___ MATERIAL TO PROCESS
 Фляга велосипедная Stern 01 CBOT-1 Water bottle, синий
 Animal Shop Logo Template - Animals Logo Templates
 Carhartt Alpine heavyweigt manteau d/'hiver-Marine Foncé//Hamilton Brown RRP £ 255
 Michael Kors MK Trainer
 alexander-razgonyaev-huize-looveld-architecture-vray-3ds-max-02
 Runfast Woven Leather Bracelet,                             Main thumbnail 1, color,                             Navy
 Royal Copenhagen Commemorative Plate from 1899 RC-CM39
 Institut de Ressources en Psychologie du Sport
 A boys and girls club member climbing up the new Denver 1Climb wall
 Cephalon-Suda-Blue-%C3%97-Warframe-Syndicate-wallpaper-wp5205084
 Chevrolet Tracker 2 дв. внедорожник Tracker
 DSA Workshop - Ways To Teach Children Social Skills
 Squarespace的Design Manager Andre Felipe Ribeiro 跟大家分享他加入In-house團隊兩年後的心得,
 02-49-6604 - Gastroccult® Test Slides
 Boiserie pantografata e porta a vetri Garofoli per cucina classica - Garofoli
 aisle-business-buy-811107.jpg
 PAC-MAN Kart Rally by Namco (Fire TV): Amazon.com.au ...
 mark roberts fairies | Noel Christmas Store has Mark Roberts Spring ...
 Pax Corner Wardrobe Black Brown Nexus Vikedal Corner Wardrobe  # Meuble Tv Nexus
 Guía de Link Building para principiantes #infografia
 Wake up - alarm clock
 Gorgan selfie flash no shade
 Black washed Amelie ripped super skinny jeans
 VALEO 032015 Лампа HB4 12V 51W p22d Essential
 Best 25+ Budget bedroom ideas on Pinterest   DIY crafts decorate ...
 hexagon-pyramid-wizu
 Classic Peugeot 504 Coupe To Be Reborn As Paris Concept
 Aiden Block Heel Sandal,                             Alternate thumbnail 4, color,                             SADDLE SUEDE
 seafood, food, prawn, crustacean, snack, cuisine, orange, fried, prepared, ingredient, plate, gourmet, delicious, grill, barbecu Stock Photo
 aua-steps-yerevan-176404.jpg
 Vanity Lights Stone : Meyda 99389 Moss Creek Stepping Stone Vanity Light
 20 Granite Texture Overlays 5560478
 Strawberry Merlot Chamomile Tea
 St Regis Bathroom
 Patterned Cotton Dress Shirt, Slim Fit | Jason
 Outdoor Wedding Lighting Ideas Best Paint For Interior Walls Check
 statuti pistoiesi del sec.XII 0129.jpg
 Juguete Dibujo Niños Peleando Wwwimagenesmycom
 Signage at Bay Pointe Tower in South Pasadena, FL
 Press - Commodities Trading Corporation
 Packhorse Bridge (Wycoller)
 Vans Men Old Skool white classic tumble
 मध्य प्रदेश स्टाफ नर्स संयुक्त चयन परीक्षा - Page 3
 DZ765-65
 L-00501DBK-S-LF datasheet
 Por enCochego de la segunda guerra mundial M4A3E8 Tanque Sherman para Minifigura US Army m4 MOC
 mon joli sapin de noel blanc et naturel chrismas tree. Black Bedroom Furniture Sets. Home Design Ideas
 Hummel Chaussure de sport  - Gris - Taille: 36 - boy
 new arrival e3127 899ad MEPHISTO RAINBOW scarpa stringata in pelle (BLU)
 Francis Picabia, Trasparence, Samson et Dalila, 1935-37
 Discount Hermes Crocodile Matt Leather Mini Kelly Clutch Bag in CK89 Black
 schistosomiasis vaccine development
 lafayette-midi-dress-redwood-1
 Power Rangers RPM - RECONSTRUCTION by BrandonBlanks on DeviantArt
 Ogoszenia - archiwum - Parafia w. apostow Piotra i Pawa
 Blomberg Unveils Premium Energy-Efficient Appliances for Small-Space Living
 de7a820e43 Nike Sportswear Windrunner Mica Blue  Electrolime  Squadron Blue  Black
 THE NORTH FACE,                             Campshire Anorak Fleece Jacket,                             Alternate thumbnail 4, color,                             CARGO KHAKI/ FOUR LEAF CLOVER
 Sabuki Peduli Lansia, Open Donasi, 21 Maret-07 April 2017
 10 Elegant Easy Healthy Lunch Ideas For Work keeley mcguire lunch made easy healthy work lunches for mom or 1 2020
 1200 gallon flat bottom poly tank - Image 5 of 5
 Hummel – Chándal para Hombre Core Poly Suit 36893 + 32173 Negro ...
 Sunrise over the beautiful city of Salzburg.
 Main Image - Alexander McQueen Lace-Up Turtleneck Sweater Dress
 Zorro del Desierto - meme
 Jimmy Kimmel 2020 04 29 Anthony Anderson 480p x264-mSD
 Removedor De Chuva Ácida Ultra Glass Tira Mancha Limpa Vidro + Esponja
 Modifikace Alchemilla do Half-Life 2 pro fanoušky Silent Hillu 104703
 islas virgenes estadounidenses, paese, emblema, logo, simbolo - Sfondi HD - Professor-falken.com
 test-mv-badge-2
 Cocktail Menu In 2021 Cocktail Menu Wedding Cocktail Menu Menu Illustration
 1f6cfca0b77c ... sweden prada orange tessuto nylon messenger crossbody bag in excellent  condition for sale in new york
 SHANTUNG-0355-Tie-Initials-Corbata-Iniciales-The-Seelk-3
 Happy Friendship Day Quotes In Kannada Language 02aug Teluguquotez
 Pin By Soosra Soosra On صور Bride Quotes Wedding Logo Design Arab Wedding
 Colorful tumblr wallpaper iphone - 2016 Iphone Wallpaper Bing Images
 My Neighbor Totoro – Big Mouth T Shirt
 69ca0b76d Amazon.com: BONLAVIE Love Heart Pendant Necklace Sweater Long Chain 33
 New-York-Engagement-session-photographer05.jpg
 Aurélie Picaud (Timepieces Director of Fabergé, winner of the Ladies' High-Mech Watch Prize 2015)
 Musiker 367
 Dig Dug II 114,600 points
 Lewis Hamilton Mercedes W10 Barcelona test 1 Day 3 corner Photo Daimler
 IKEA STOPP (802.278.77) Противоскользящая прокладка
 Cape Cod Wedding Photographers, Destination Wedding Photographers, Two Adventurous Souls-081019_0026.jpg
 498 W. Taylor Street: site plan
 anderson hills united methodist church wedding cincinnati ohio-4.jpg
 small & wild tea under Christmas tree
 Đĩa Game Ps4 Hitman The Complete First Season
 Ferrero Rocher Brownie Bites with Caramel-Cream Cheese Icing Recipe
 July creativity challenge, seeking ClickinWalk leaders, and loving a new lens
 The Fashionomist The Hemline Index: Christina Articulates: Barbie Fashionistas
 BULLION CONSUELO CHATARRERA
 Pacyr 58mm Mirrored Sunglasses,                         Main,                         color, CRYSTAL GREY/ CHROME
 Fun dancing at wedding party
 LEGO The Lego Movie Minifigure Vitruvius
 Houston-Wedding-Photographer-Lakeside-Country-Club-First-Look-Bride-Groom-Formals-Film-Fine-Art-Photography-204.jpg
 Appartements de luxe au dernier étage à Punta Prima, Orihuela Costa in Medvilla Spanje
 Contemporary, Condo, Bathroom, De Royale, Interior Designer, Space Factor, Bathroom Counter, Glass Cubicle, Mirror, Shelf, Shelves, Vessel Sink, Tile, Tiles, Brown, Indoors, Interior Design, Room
______
§ **ACTIVITY**
So that nothing is lost, transcribe each entry exactly as written.

§ **ANSWER TO THIS EXERCISE**
 Фляга велосипедная Stern 01 CBOT-1 Water bottle, синий
 Animal Shop Logo Template - Animals Logo Templates
 Carhartt Alpine heavyweigt manteau d/'hiver-Marine Foncé//Hamilton Brown RRP £ 255
 Michael Kors MK Trainer
 alexander-razgonyaev-huize-looveld-architecture-vray-3ds-max-02
 Runfast Woven Leather Bracelet,                             Main thumbnail 1, color,                             Navy
 Royal Copenhagen Commemorative Plate from 1899 RC-CM39
 Institut de Ressources en Psychologie du Sport
 A boys and girls club member climbing up the new Denver 1Climb wall
 Cephalon-Suda-Blue-%C3%97-Warframe-Syndicate-wallpaper-wp5205084
 Chevrolet Tracker 2 дв. внедорожник Tracker
 DSA Workshop - Ways To Teach Children Social Skills
 Squarespace的Design Manager Andre Felipe Ribeiro 跟大家分享他加入In-house團隊兩年後的心得,
 02-49-6604 - Gastroccult® Test Slides
 Boiserie pantografata e porta a vetri Garofoli per cucina classica - Garofoli
 aisle-business-buy-811107.jpg
 PAC-MAN Kart Rally by Namco (Fire TV): Amazon.com.au ...
 mark roberts fairies | Noel Christmas Store has Mark Roberts Spring ...
 Pax Corner Wardrobe Black Brown Nexus Vikedal Corner Wardrobe  # Meuble Tv Nexus
 Guía de Link Building para principiantes #infografia
 Wake up - alarm clock
 Gorgan selfie flash no shade
 Black washed Amelie ripped super skinny jeans
 VALEO 032015 Лампа HB4 12V 51W p22d Essential
 Best 25+ Budget bedroom ideas on Pinterest   DIY crafts decorate ...
 hexagon-pyramid-wizu
 Classic Peugeot 504 Coupe To Be Reborn As Paris Concept
 Aiden Block Heel Sandal,                             Alternate thumbnail 4, color,                             SADDLE SUEDE
 seafood, food, prawn, crustacean, snack, cuisine, orange, fried, prepared, ingredient, plate, gourmet, delicious, grill, barbecu Stock Photo
 aua-steps-yerevan-176404.jpg
 Vanity Lights Stone : Meyda 99389 Moss Creek Stepping Stone Vanity Light
 20 Granite Texture Overlays 5560478
 Strawberry Merlot Chamomile Tea
 St Regis Bathroom
 Patterned Cotton Dress Shirt, Slim Fit | Jason
 Outdoor Wedding Lighting Ideas Best Paint For Interior Walls Check
 statuti pistoiesi del sec.XII 0129.jpg
 Juguete Dibujo Niños Peleando Wwwimagenesmycom
 Signage at Bay Pointe Tower in South Pasadena, FL
 Press - Commodities Trading Corporation
 Packhorse Bridge (Wycoller)
 Vans Men Old Skool white classic tumble
 मध्य प्रदेश स्टाफ नर्स संयुक्त चयन परीक्षा - Page 3
 DZ765-65
 L-00501DBK-S-LF datasheet
 Por enCochego de la segunda guerra mundial M4A3E8 Tanque Sherman para Minifigura US Army m4 MOC
 mon joli sapin de noel blanc et naturel chrismas tree. Black Bedroom Furniture Sets. Home Design Ideas
 Hummel Chaussure de sport  - Gris - Taille: 36 - boy
 new arrival e3127 899ad MEPHISTO RAINBOW scarpa stringata in pelle (BLU)
 Francis Picabia, Trasparence, Samson et Dalila, 1935-37
 Discount Hermes Crocodile Matt Leather Mini Kelly Clutch Bag in CK89 Black
 schistosomiasis vaccine development
 lafayette-midi-dress-redwood-1
 Power Rangers RPM - RECONSTRUCTION by BrandonBlanks on DeviantArt
 Ogoszenia - archiwum - Parafia w. apostow Piotra i Pawa
 Blomberg Unveils Premium Energy-Efficient Appliances for Small-Space Living
 de7a820e43 Nike Sportswear Windrunner Mica Blue  Electrolime  Squadron Blue  Black
 THE NORTH FACE,                             Campshire Anorak Fleece Jacket,                             Alternate thumbnail 4, color,                             CARGO KHAKI/ FOUR LEAF CLOVER
 Sabuki Peduli Lansia, Open Donasi, 21 Maret-07 April 2017
 10 Elegant Easy Healthy Lunch Ideas For Work keeley mcguire lunch made easy healthy work lunches for mom or 1 2020
 1200 gallon flat bottom poly tank - Image 5 of 5
 Hummel – Chándal para Hombre Core Poly Suit 36893 + 32173 Negro ...
 Sunrise over the beautiful city of Salzburg.
 Main Image - Alexander McQueen Lace-Up Turtleneck Sweater Dress
 Zorro del Desierto - meme
 Jimmy Kimmel 2020 04 29 Anthony Anderson 480p x264-mSD
 Removedor De Chuva Ácida Ultra Glass Tira Mancha Limpa Vidro + Esponja
 Modifikace Alchemilla do Half-Life 2 pro fanoušky Silent Hillu 104703
 islas virgenes estadounidenses, paese, emblema, logo, simbolo - Sfondi HD - Professor-falken.com
 test-mv-badge-2
 Cocktail Menu In 2021 Cocktail Menu Wedding Cocktail Menu Menu Illustration
 1f6cfca0b77c ... sweden prada orange tessuto nylon messenger crossbody bag in excellent  condition for sale in new york
 SHANTUNG-0355-Tie-Initials-Corbata-Iniciales-The-Seelk-3
 Happy Friendship Day Quotes In Kannada Language 02aug Teluguquotez
 Pin By Soosra Soosra On صور Bride Quotes Wedding Logo Design Arab Wedding
 Colorful tumblr wallpaper iphone - 2016 Iphone Wallpaper Bing Images
 My Neighbor Totoro – Big Mouth T Shirt
 69ca0b76d Amazon.com: BONLAVIE Love Heart Pendant Necklace Sweater Long Chain 33
 New-York-Engagement-session-photographer05.jpg
 Aurélie Picaud (Timepieces Director of Fabergé, winner of the Ladies' High-Mech Watch Prize 2015)
 Musiker 367
 Dig Dug II 114,600 points
 Lewis Hamilton Mercedes W10 Barcelona test 1 Day 3 corner Photo Daimler
 IKEA STOPP (802.278.77) Противоскользящая прокладка
 Cape Cod Wedding Photographers, Destination Wedding Photographers, Two Adventurous Souls-081019_0026.jpg
 498 W. Taylor Street: site plan
 anderson hills united methodist church wedding cincinnati ohio-4.jpg
 small & wild tea under Christmas tree
 Đĩa Game Ps4 Hitman The Complete First Season
 Ferrero Rocher Brownie Bites with Caramel-Cream Cheese Icing Recipe
 July creativity challenge, seeking ClickinWalk leaders, and loving a new lens
 The Fashionomist The Hemline Index: Christina Articulates: Barbie Fashionistas
 BULLION CONSUELO CHATARRERA
 Pacyr 58mm Mirrored Sunglasses,                         Main,                         color, CRYSTAL GREY/ CHROME
 Fun dancing at wedding party
 LEGO The Lego Movie Minifigure Vitruvius
 Houston-Wedding-Photographer-Lakeside-Country-Club-First-Look-Bride-Groom-Formals-Film-Fine-Art-Photography-204.jpg
 Appartements de luxe au dernier étage à Punta Prima, Orihuela Costa in Medvilla Spanje
 Contemporary, Condo, Bathroom, De Royale, Interior Designer, Space Factor, Bathroom Counter, Glass Cubicle, Mirror, Shelf, Shelves, Vessel Sink, Tile, Tiles, Brown, Indoors, Interior Design, Room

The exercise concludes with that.